Data START

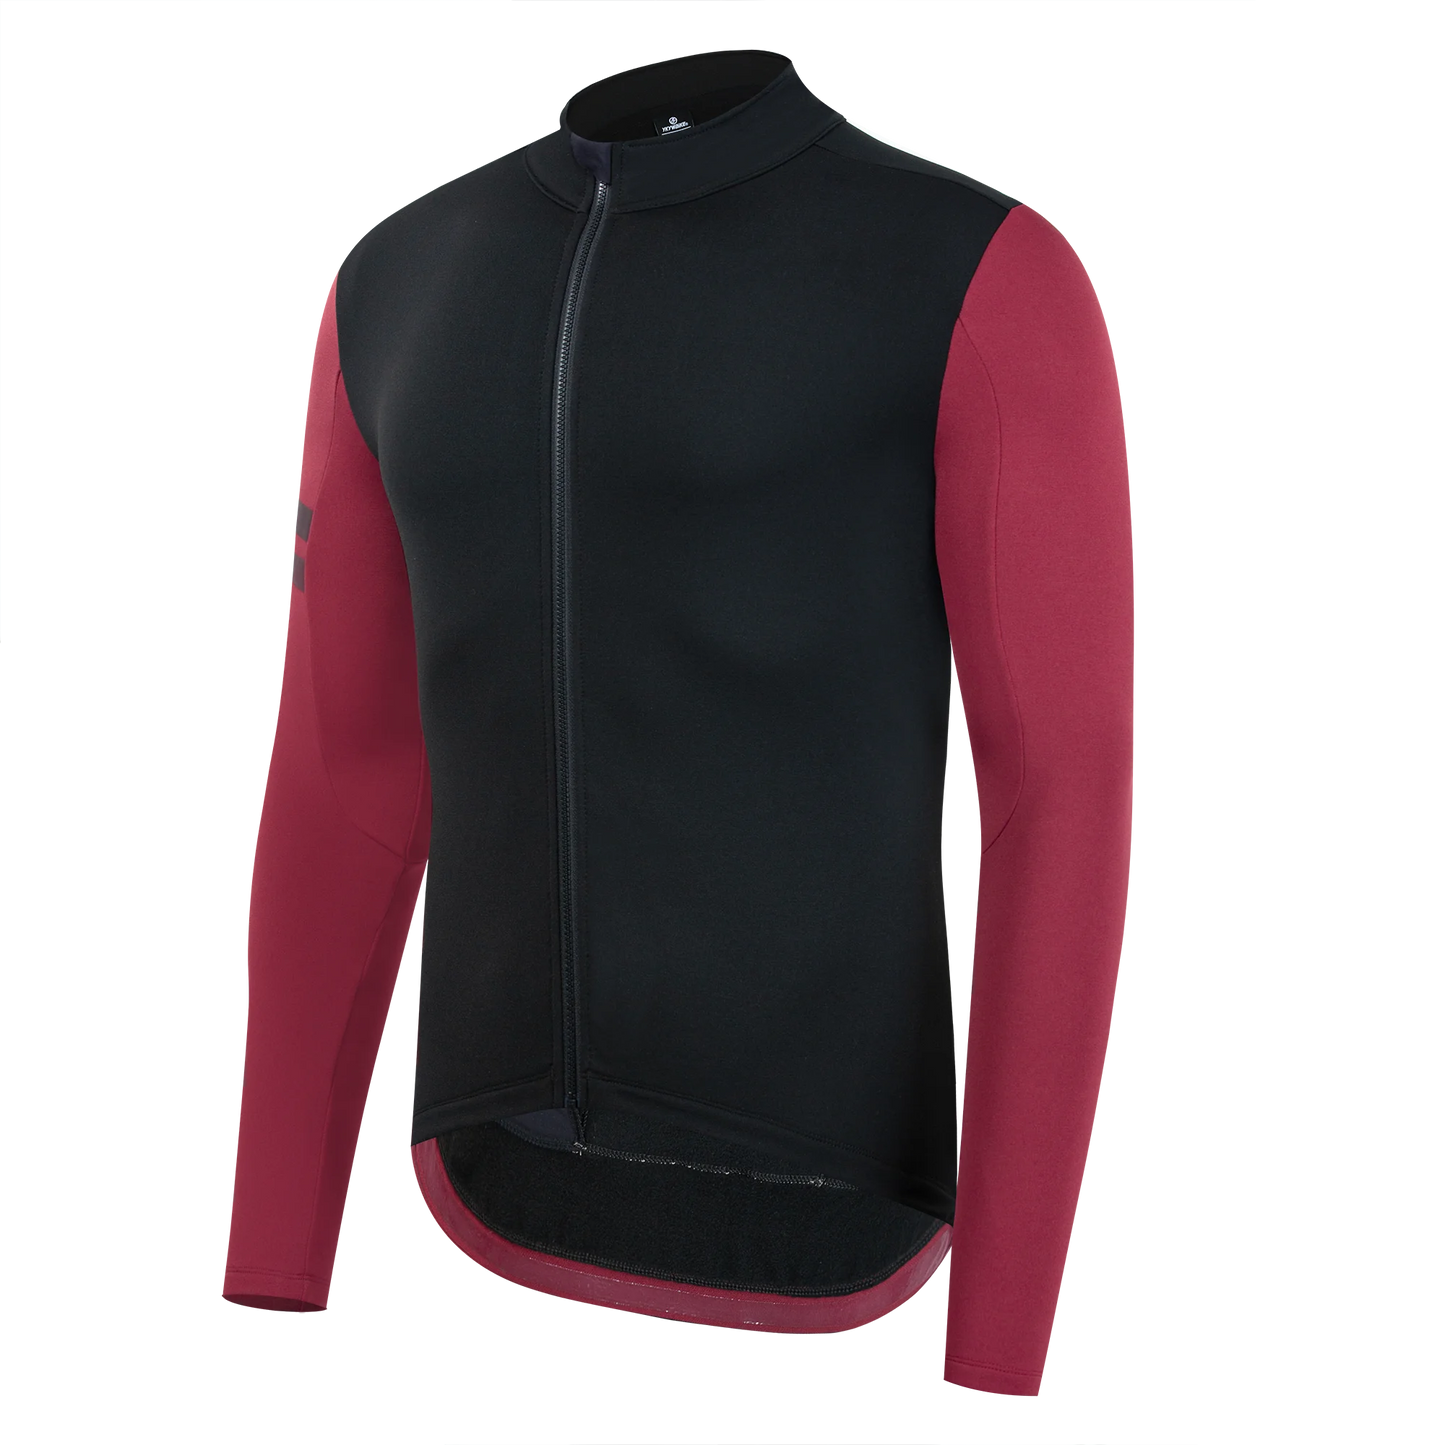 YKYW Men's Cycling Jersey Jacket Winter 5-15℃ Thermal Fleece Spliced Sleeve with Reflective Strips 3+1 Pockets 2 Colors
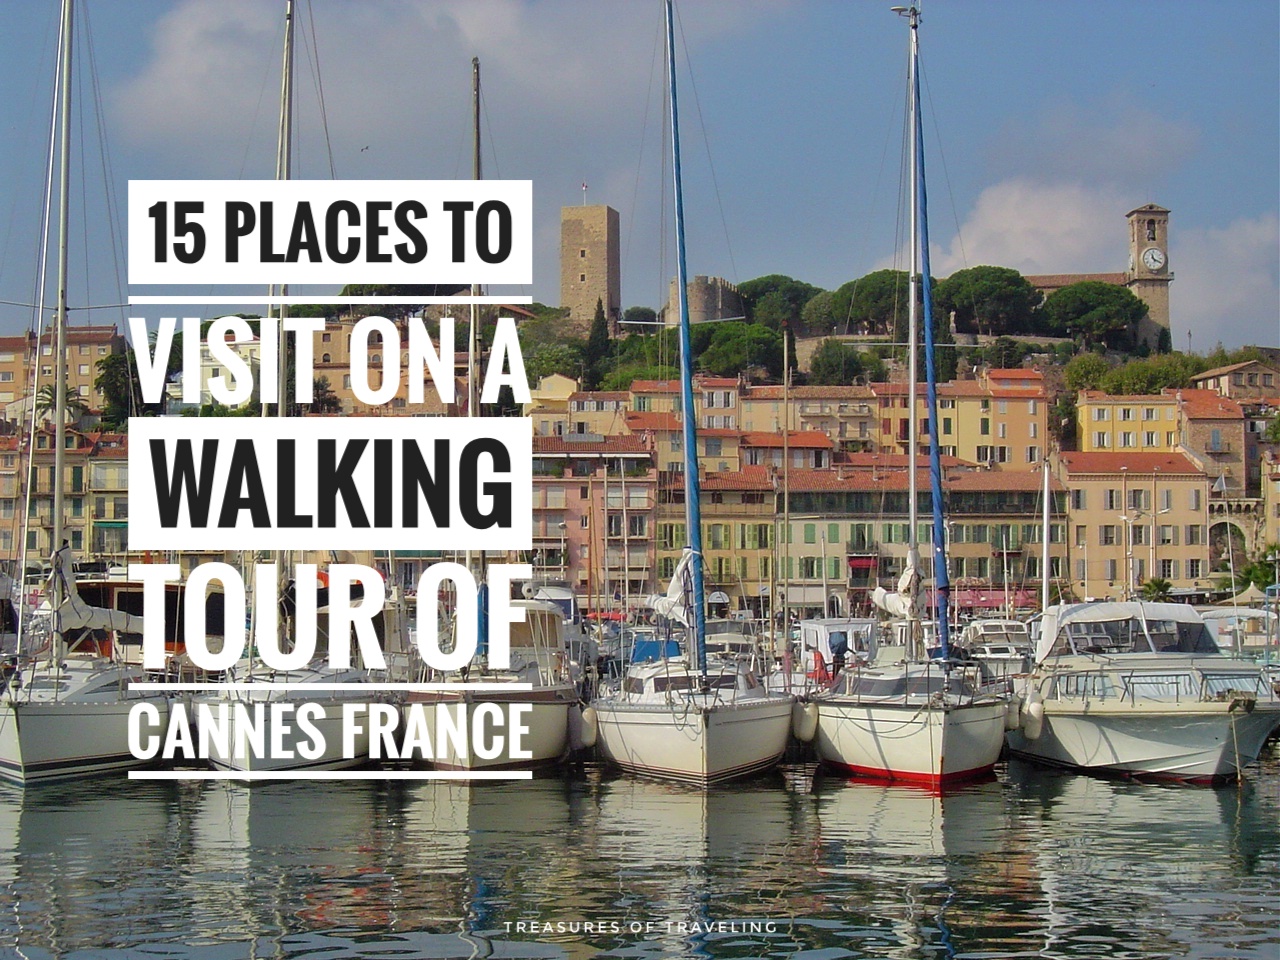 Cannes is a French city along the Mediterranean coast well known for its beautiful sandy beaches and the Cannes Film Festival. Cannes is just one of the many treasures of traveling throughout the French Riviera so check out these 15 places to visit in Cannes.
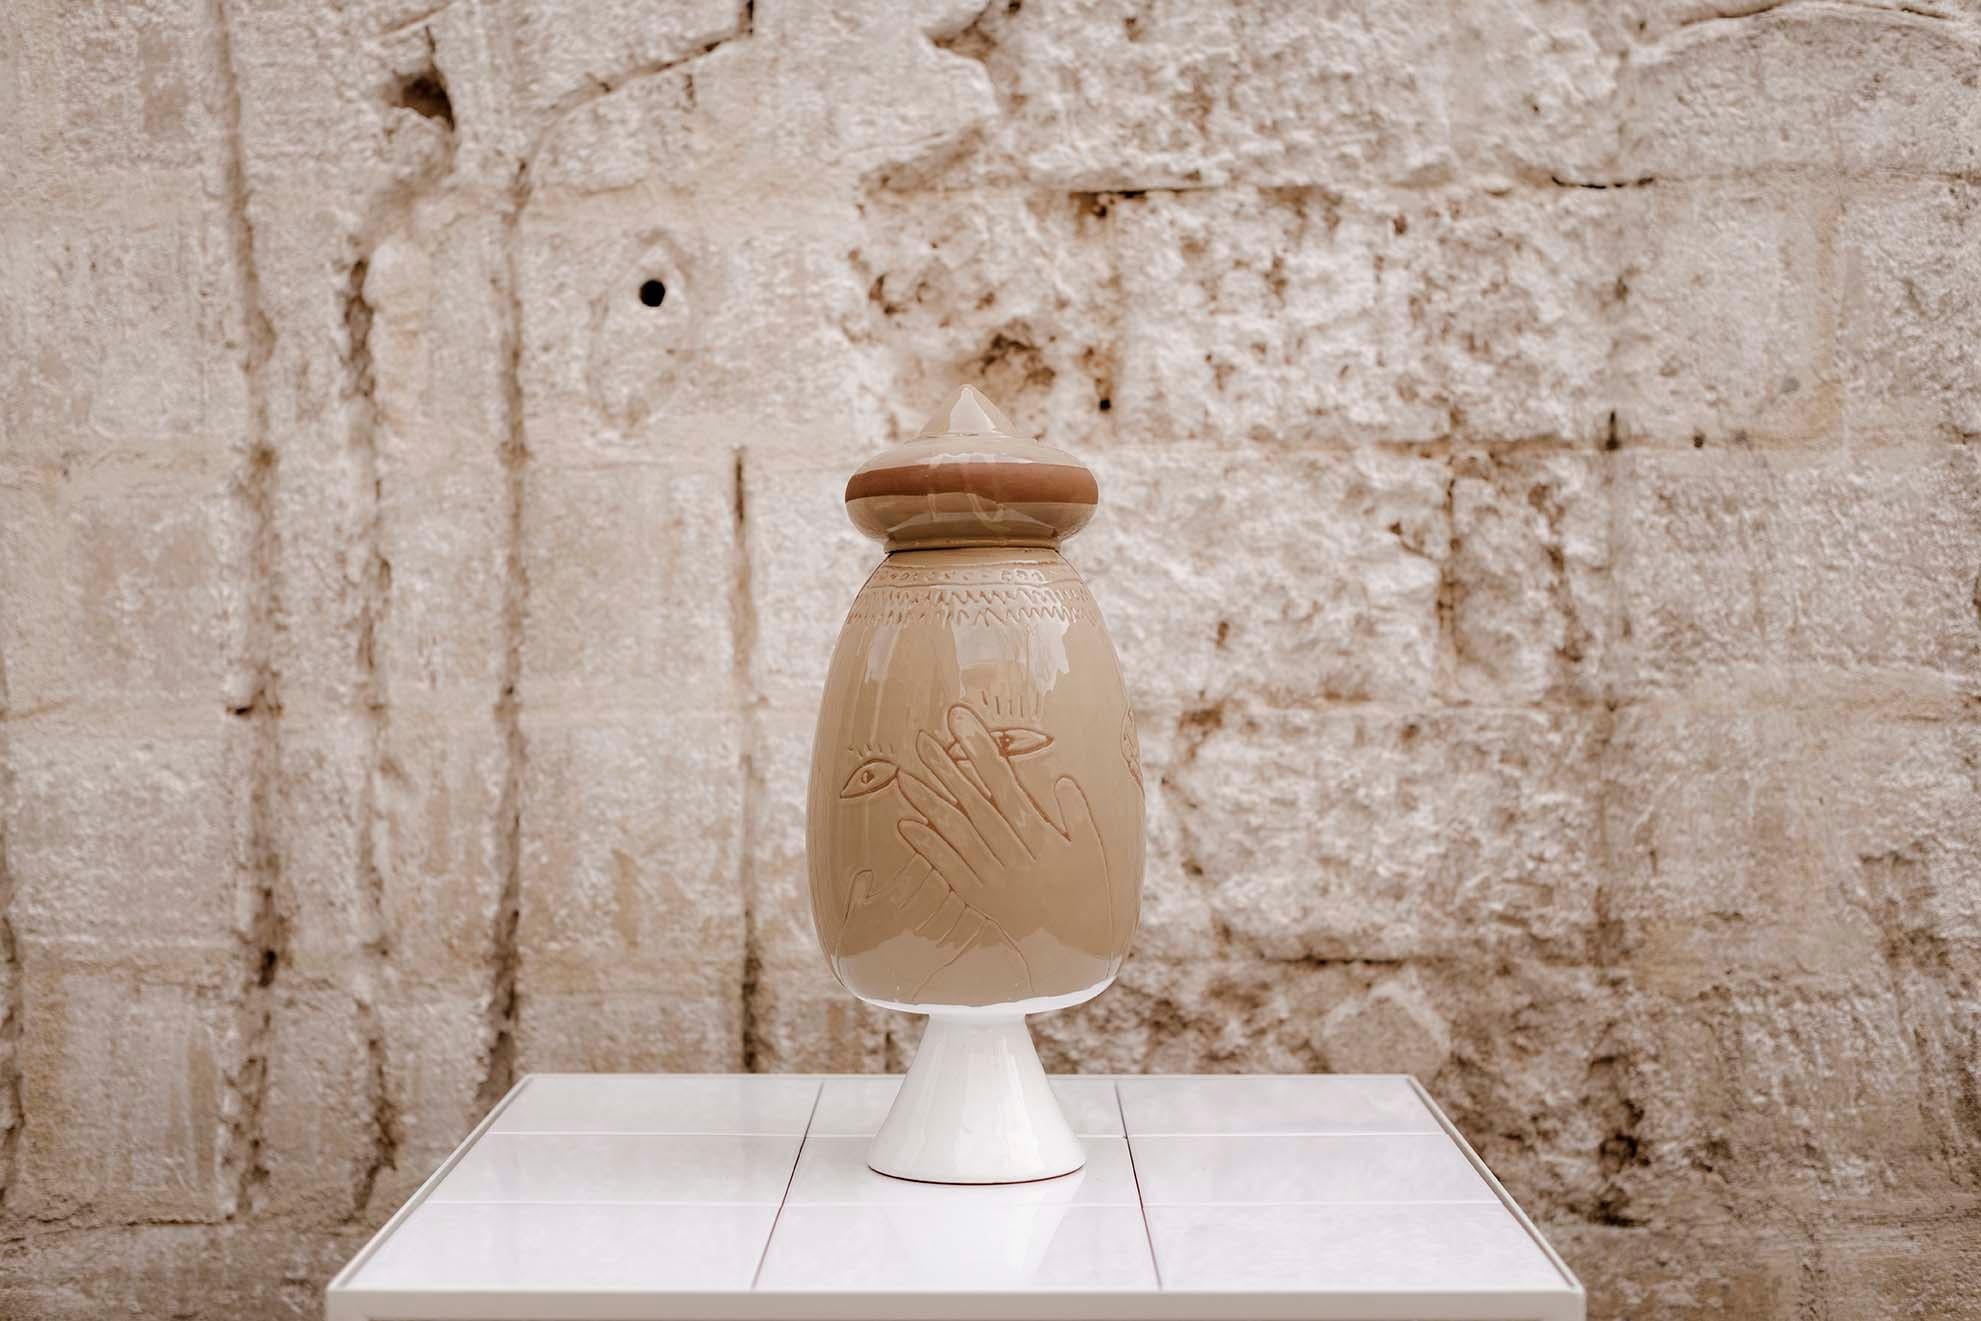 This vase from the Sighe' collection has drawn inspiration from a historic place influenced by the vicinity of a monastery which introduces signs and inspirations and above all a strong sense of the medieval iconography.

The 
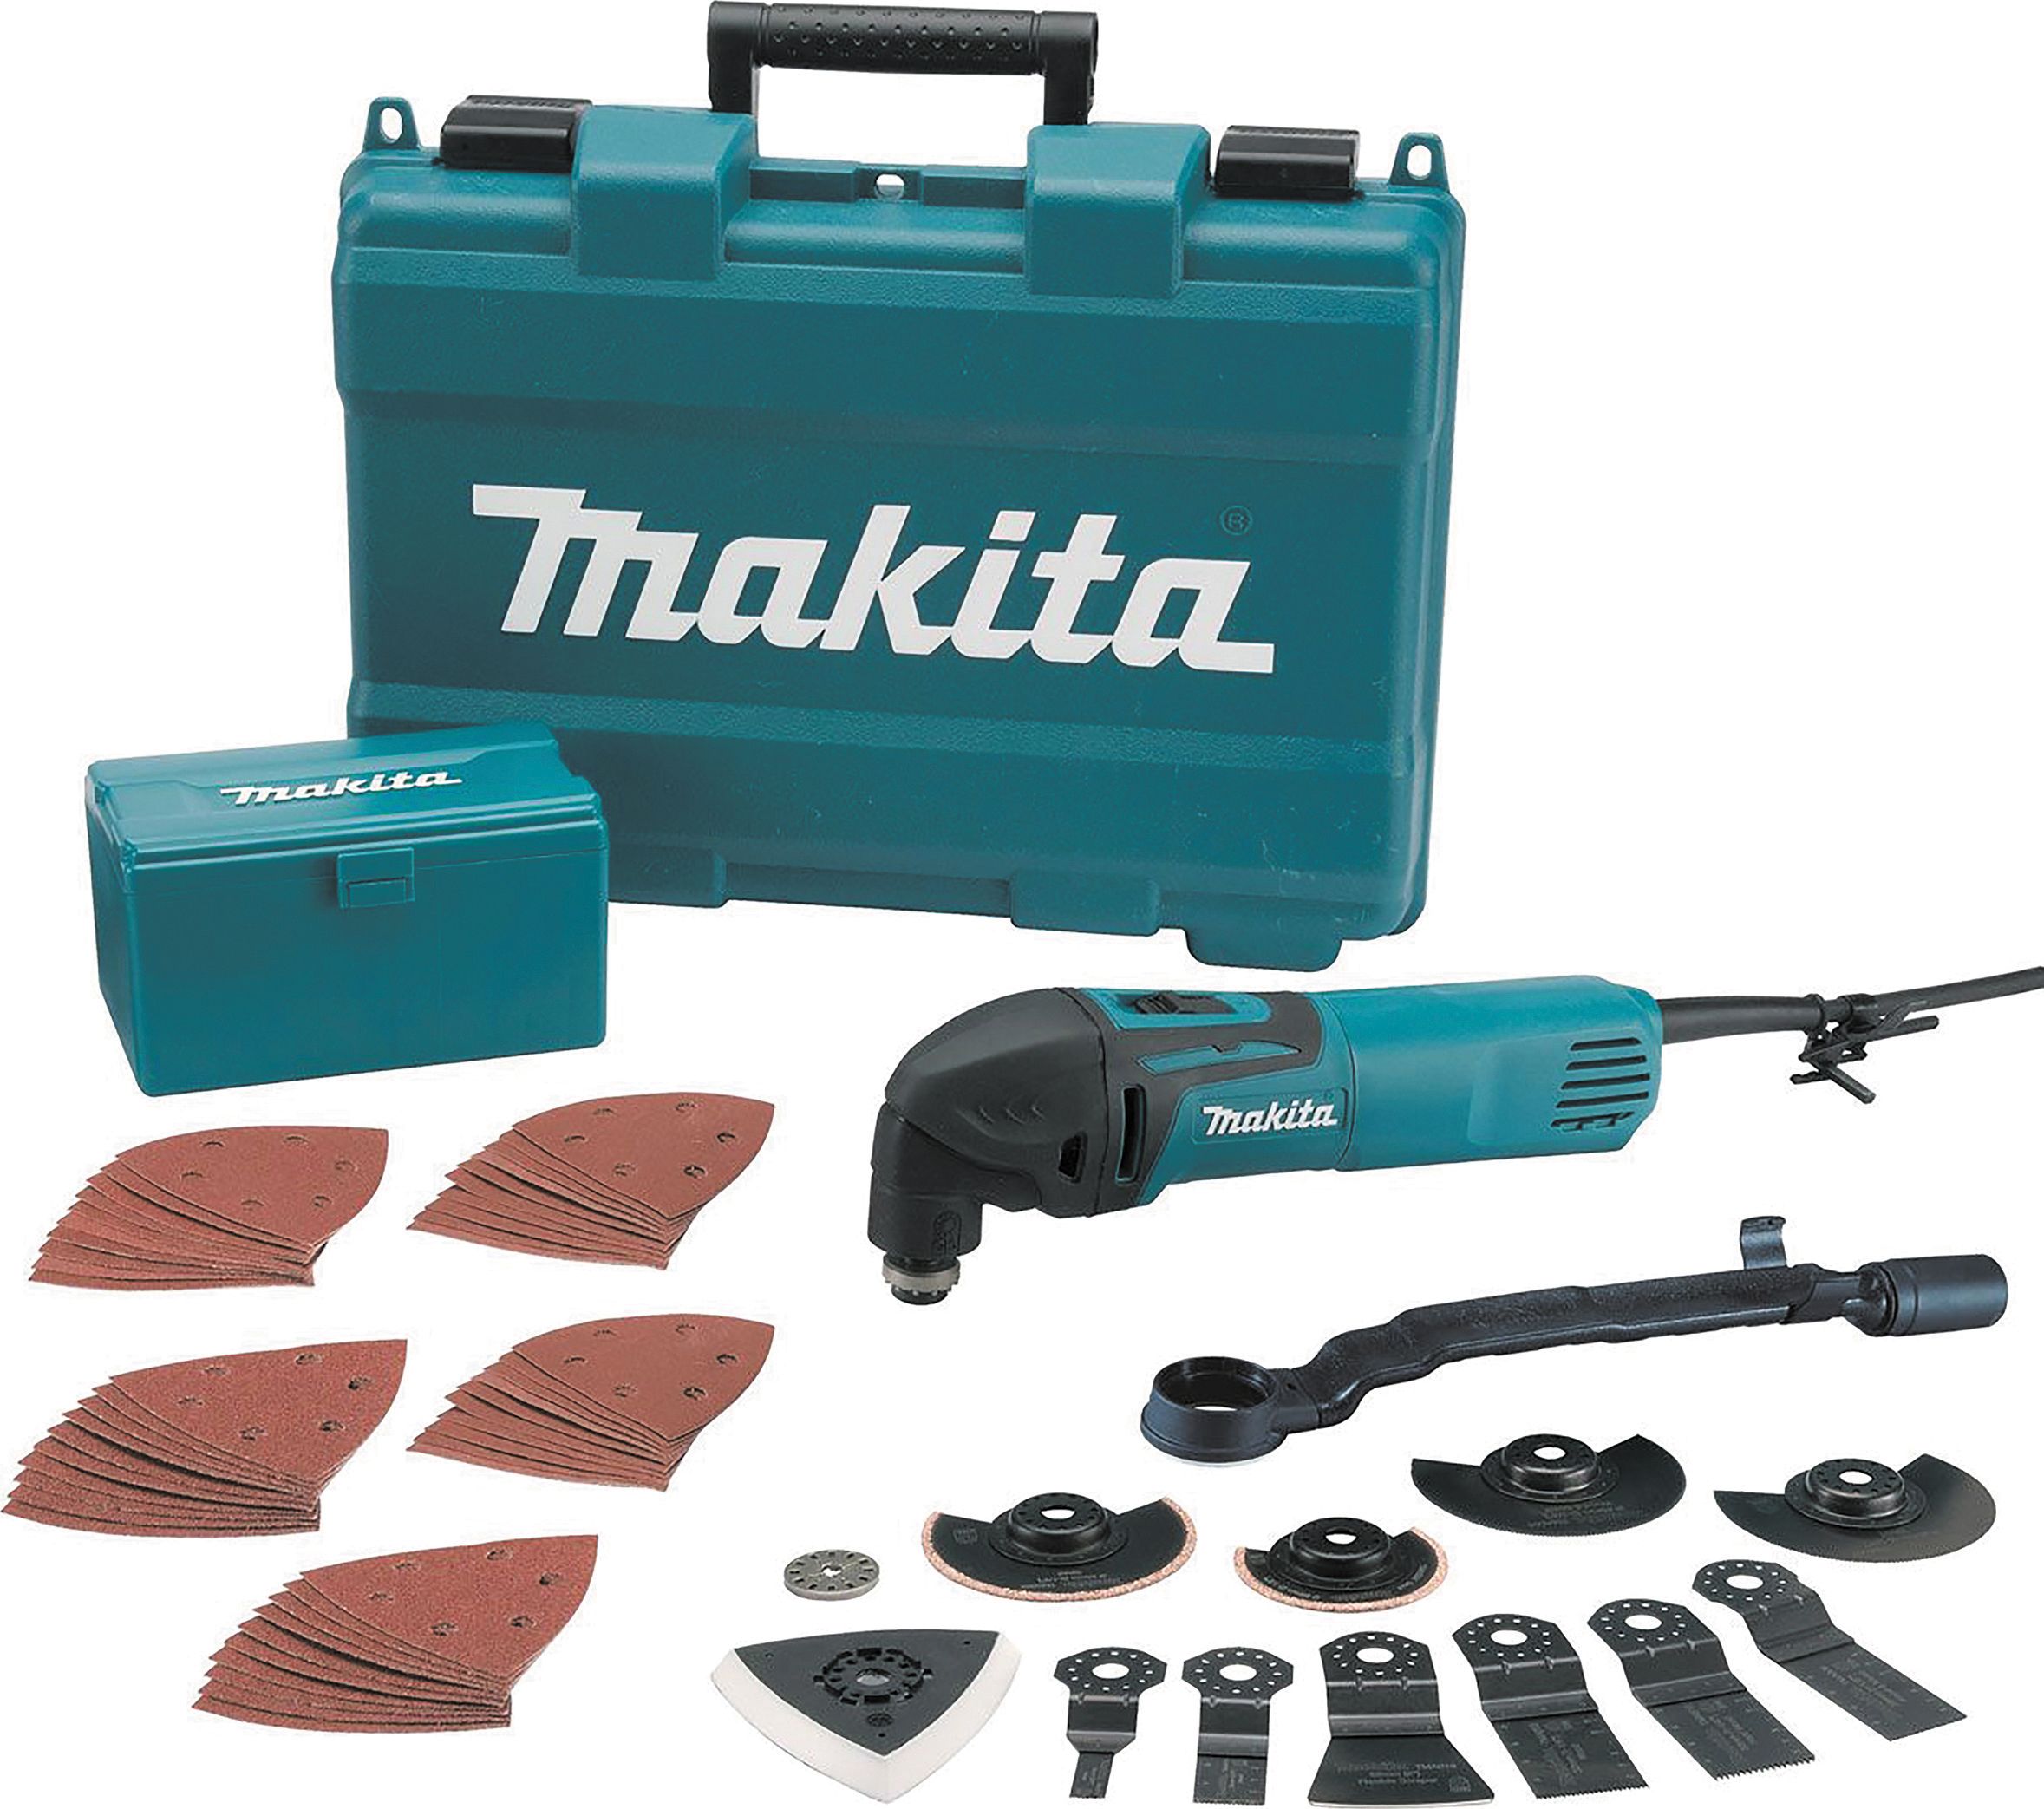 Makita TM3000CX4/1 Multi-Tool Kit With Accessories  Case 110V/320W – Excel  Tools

Data END

Reproduce the entries above exactly. Do not include the images.

 YKYW Men's Cycling Jersey Jacket Winter 5-15℃ Thermal Fleece Spliced Sleeve with Reflective Strips 3+1 Pockets 2 Colors
 Cannes is a French city along the Mediterranean coast well known for its beautiful sandy beaches and the Cannes Film Festival. Cannes is just one of the many treasures of traveling throughout the French Riviera so check out these 15 places to visit in Cannes.
 This vase from the Sighe' collection has drawn inspiration from a historic place influenced by the vicinity of a monastery which introduces signs and inspirations and above all a strong sense of the medieval iconography.

The 
 Makita TM3000CX4/1 Multi-Tool Kit With Accessories  Case 110V/320W – Excel  Tools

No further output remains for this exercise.